In Figure 1, the Status Quo Future represents how system development would play out under the traditional system operation paradigm characterized by today’s centralized control and passive distribution networks. The alternative, Fenix Future, represents the system capacities with distributed energy resources (DER) and demand-side generation fully integrated into system operation, under a decentralized operating paradigm.

CHALLENGES RELATED TO NETWORK OPERATIONAL SECURITY

The regulatory push toward larger trading areas is increasing the number of market participants. This trend is in turn driving the need for increased network dispatch and control capabilities. Simultaneously, grid operators are expanding their responsibilities across new and complex geographic regions. Combine these factors with an aging workforce (particularly when trying to staff strategic processes such as dispatching), and it’s easy to see why utilities are becoming increasingly dependent on information technology to automate processes that were once performed manually.

Moreover, the stochastic nature of energy sources significantly increases uncertainty regarding supply. Researchers are trying to improve the accuracy of the information captured in substations, but this requires new online dispatching stability tools. Additionally, as grid expansion remains politically controversial, current efforts are mostly focused on optimizing energy flow in existing physical assets, and on trying to feed asset data into systems calculating operational limits in real time.

Last but not least, this enables the extension of generation dispatch and congestion into distribution low-voltage grids. Although these grids were traditionally used to flow energy one way – from generation to transmission to end-users – the increasing penetration of distributed resources creates a new need to coordinate the dispatch of these resources locally, and to minimize transportation costs.

CHALLENGES RELATED TO PARTICIPATING DEMAND

Recent events have shown that decentralized energy markets are vulnerable to price volatility. This poses potentially significant economic threats for some nations because there’s a risk of large industrial companies quitting deregulated countries because they lack visibility into long-term energy price trends.

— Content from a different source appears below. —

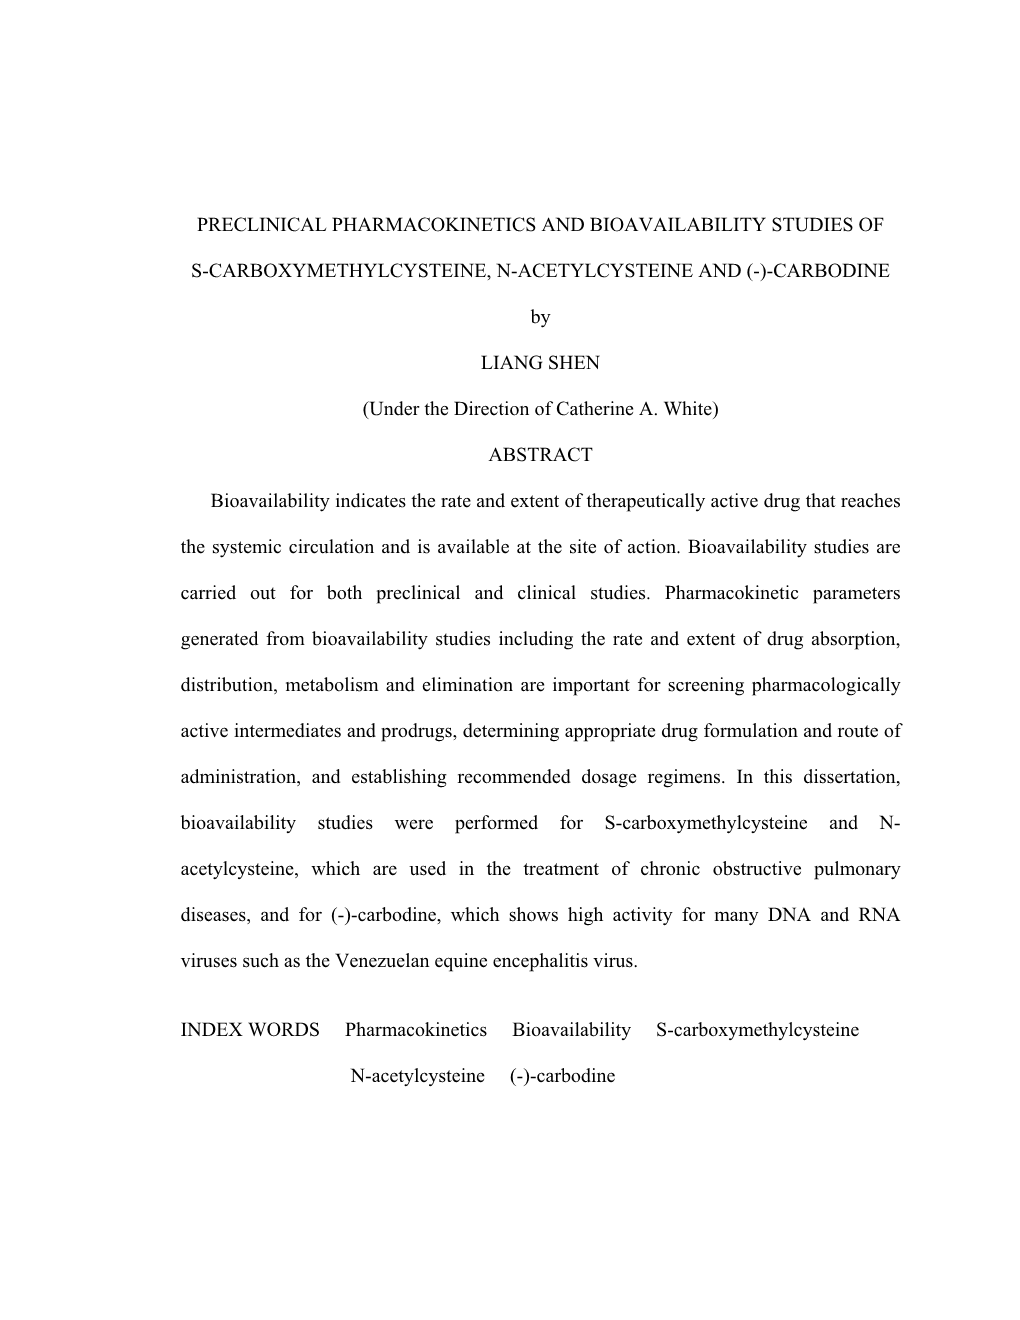 Preclinical Pharmacokinetics and Bioavailability Studies Of

One potential solution is to improve market liquidity in the shorter term by providing end-users with incentives to conserve energy when demand exceeds supply. The growing public awareness of energy efficiency is already leading end-users to be much more receptive to using sustainable energy; many utilities are adding economic incentives to further motivate end-users.

These trends are expected to create radical shifts in transmission and distribution (T&D) investment activities. After all, traditional centralized system designs, investments and operations are based on the premise that demand is passive and uncontrollable, and that it makes no active contribution to system operations.

However, the extensive rollout of intelligent metering capabilities has the potential to reverse this, and to enable demand to respond to market signals, so that end-users can interact with system operators in real or near real time. The widening availability of smart metering thus has the potential to bring with it unprecedented levels of demand response that will completely change the way power systems are planned, developed and operated.

CHALLENGES RELATED TO REGULATION

Parallel with these changes to the physical system structure, the market and regulatory frameworks supporting energy systems are likewise evolving. Numerous energy directives have established the foundation for a decentralized electricity supply industry that spans formerly disparate markets. This evolution is changing the structure of the industry from vertically integrated, state-owned monopolies into an environment in which unbundled generation, transmission, distribution and retail organizations interact freely via competitive, accessible marketplaces to procure and sell system services and contracts for energy on an ad hoc basis.

Competition and increased market access seem to be working at the transmission level in markets where there are just a handful of large generators. However, this approach has yet to be proven at the distribution level, where it could facilitate thousands and potentially millions of participants offering energy and systems services in a truly competitive marketplace.

MEETING THE CHALLENGES

As a result, despite all the promise of distributed generation, the current decentralized system will become increasingly unstable without the corresponding development of technical, market and regulatory frameworks over the next three to five years.

System management costs are increasing, and threats to system security are a growing concern as installed distributed generating capacity in some areas exceeds local peak demand. The amount of “regulating energy” provisions rises as stress on the system increases; meanwhile, governments continue to push for distributed resource penetration and launch new energy efficiency ideas.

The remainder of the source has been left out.